Compared to UDPipe 1:

  • UDPipe 2 is Python-only and tested only in Linux,
  • UDPipe 2 is meant as a research tool, not as a user-friendly UDPipe 1 replacement,
  • UDPipe 2 achieves much better performance, but requires a GPU for reasonable performance,
  • UDPipe 2 does not perform tokenization by itself – it uses UDPipe 1 for that.

UDPipe 2 is available as a REST service running at https://lindat.mff.cuni.cz/services/udpipe.

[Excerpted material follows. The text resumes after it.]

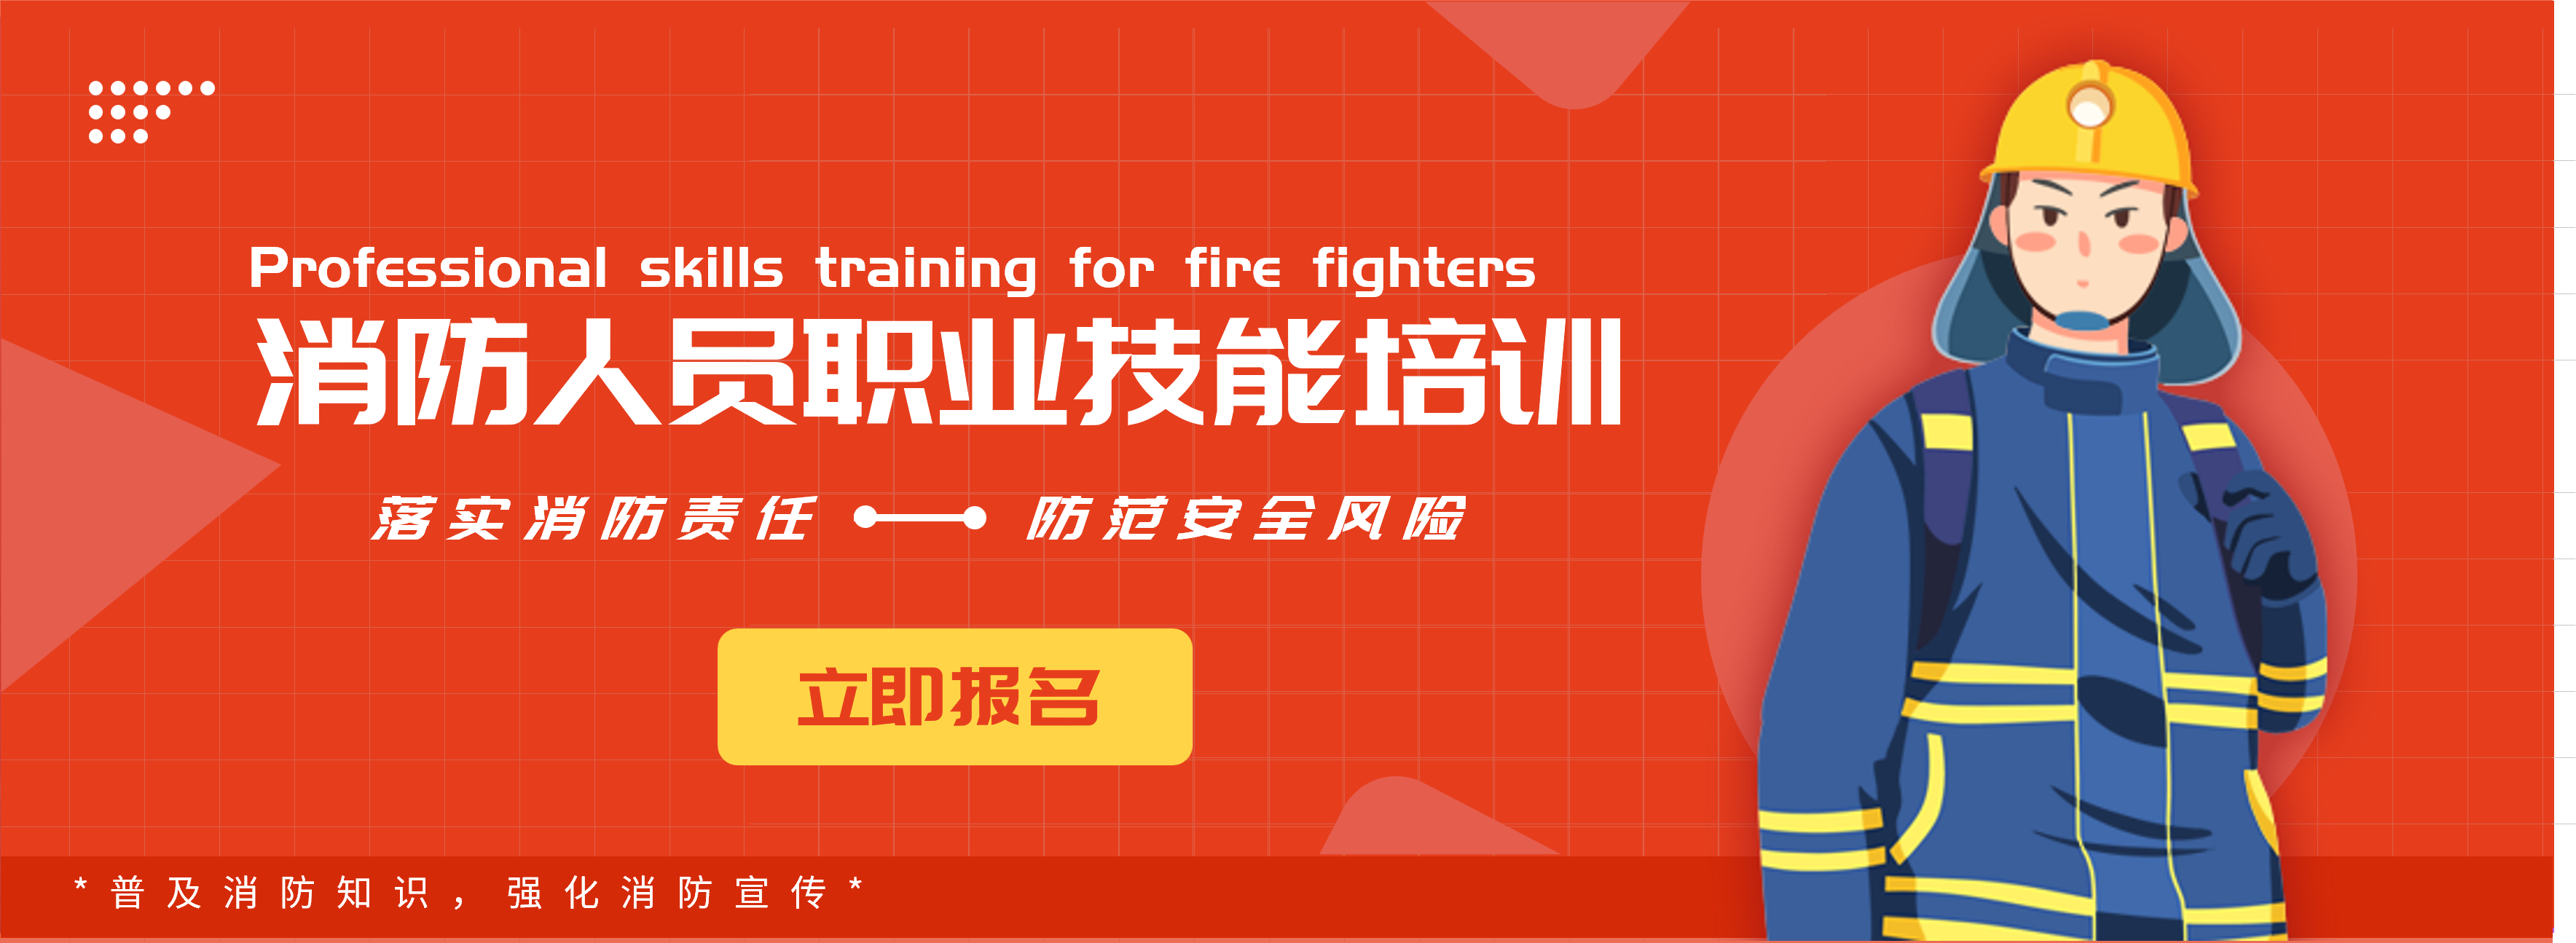 消防安全知识培训

If you like, you can use the udpipe2_client.py script to interact with it.

However, if you prefer to run UDPipe 2 locally, you can use this release.

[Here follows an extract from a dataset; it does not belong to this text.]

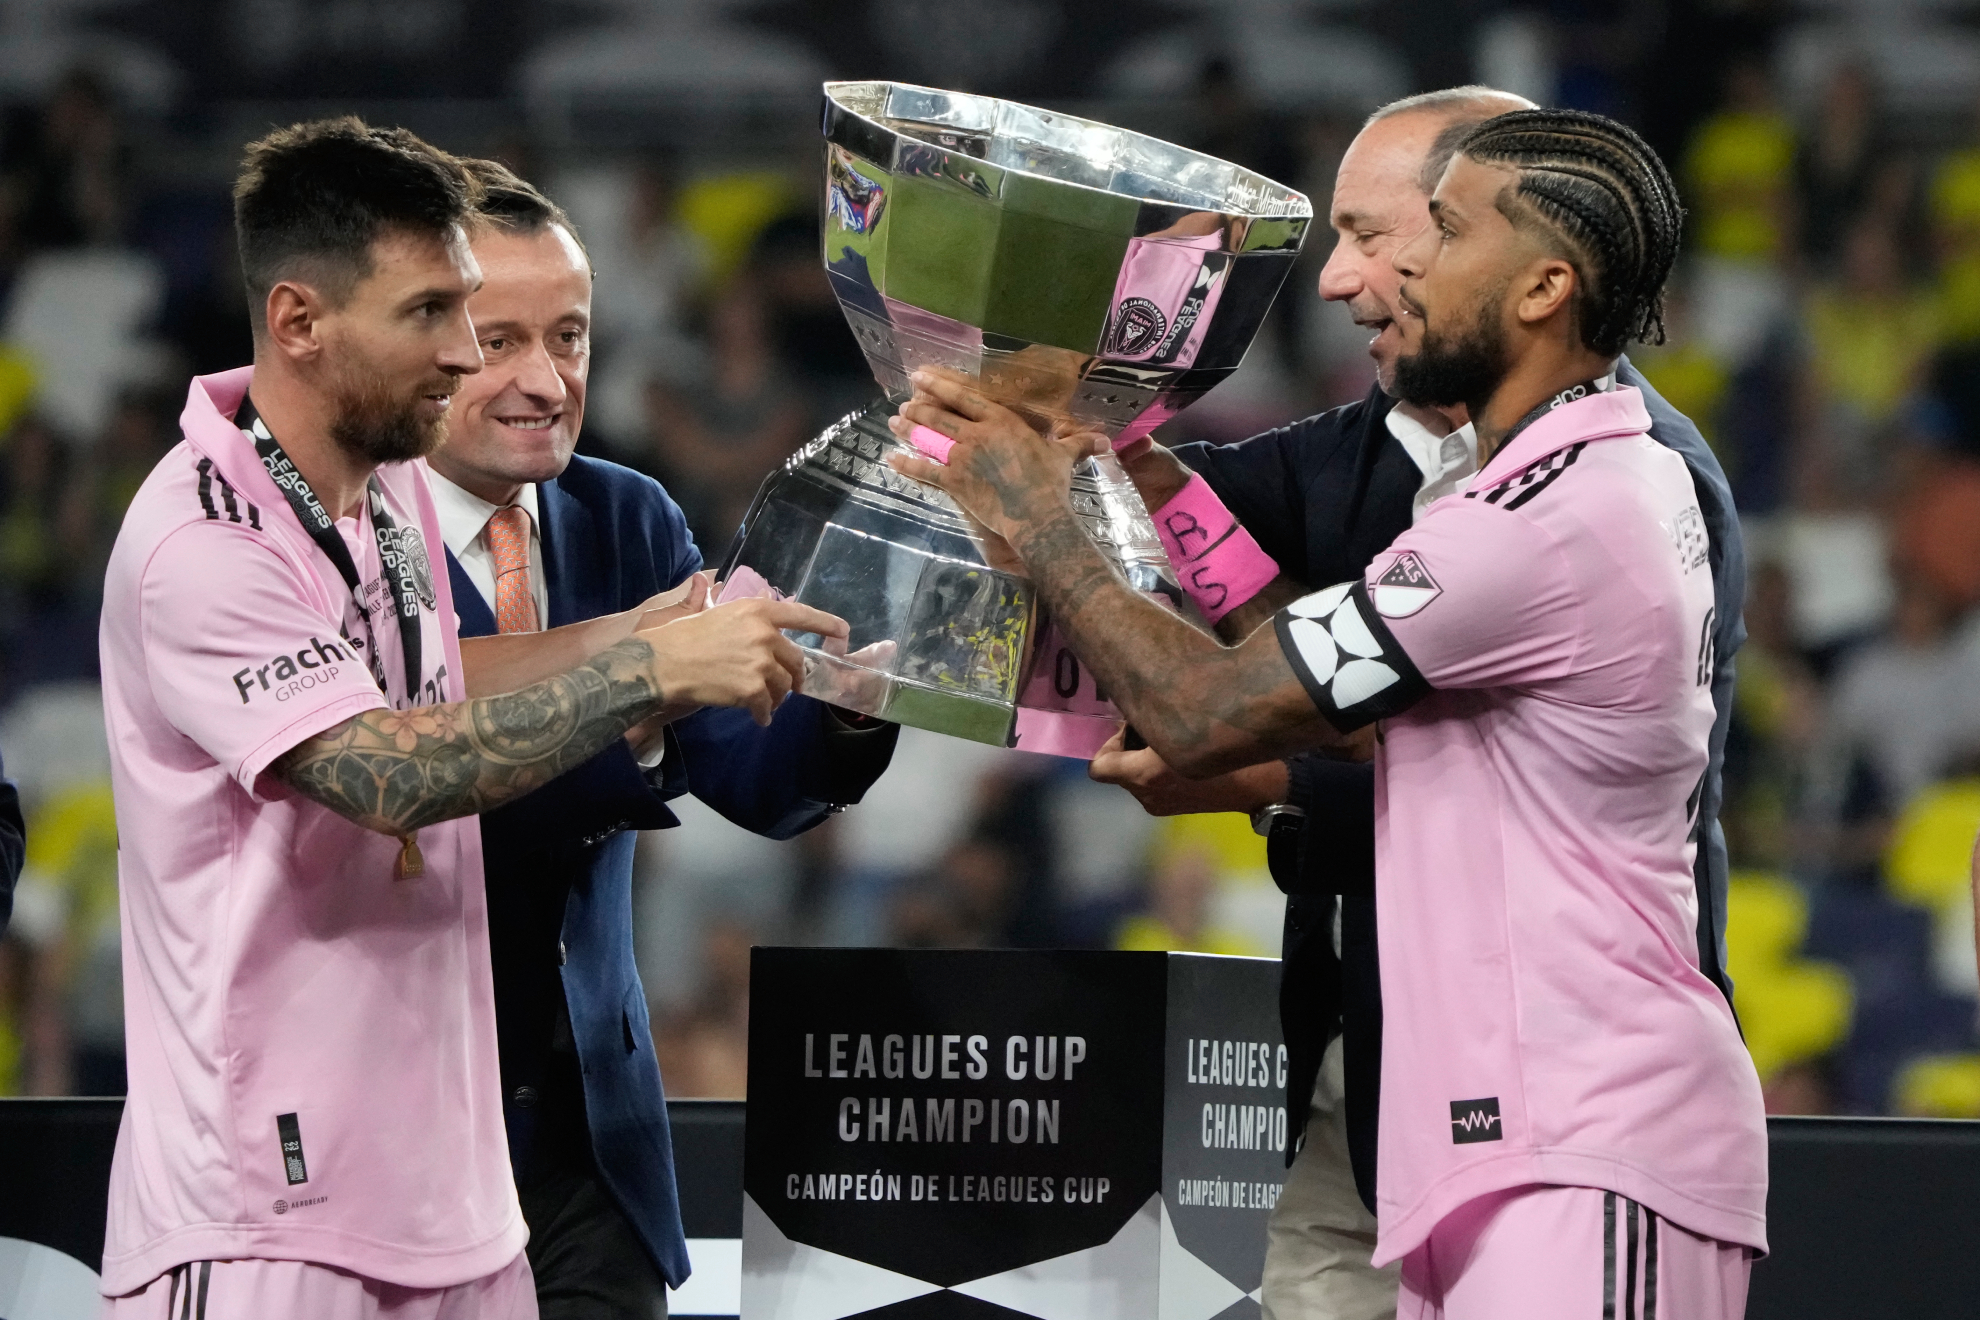 Por esto lleva el brazalete: Messi comparte la Leagues Cup con el anterior capitán

Running Inference with Existing Models

To run UDPipe 2, you need to first download a model from the list of UDPipe 2 models. Then you can run UDPipe 2 as a local REST server, and use the udpipe2_client.py script to interact with it (in the same way as with the official service).

To run the server, use the udpipe2_server.py script.

  • Install the requirements.txt. While only TF 1 is supported for model training (ancient, I know), you can use also TF 2 for inference.
  • The script has the following required options:
    • port: the port to listen on. We use SO_REUSEPORT to allow multiple processes to run concurrently, supporting seamless upgrades;
    • default_model: model name to use when no model is specified in the request;
    • models: each model is then a quadruple of the following parameters (each published model contains a file MODEL.txt with these parameters):
      • model names: any number of model names separated by :; furthermore, any hyphen-separated prefix of any model name can be also used as a name (e.g., czech-pdt-ud-2.10-220711:cs_pdt-ud-2.10-220711:cs:ces:cze);
      • model path: path to the model directory;
      • treebank name: because multiple treebanks can be handled by a single model, we need to specify a treebank name to use (this also specifies which tokenizer to use from the model directory);
      • acknowledgements: a URL to the model's acknowledgements.
  • The script has the following optional parameters:
    • --batch_size: batch size to use (default 32);
    • --logfile: if specified, log to this file instead of standard error;
    • --max_request_size: maximum request size, in bytes (default 4MB);
    • --preload_models: list of models to preload (or all) immediately after start (default none);
    • --threads: number of threads to use (default is to use all physical cores);
    • --wembedding_server: for deployment purposes, it might be useful to compute the contextualized embeddings (mBERT, RobeCzech) not in the UDPipe 2 service, but in a specialized service – see https://github.com/ufal/wembedding_service for documentation of the wembeddings service (default is to compute the embeddings directly in the UDPipe 2 service).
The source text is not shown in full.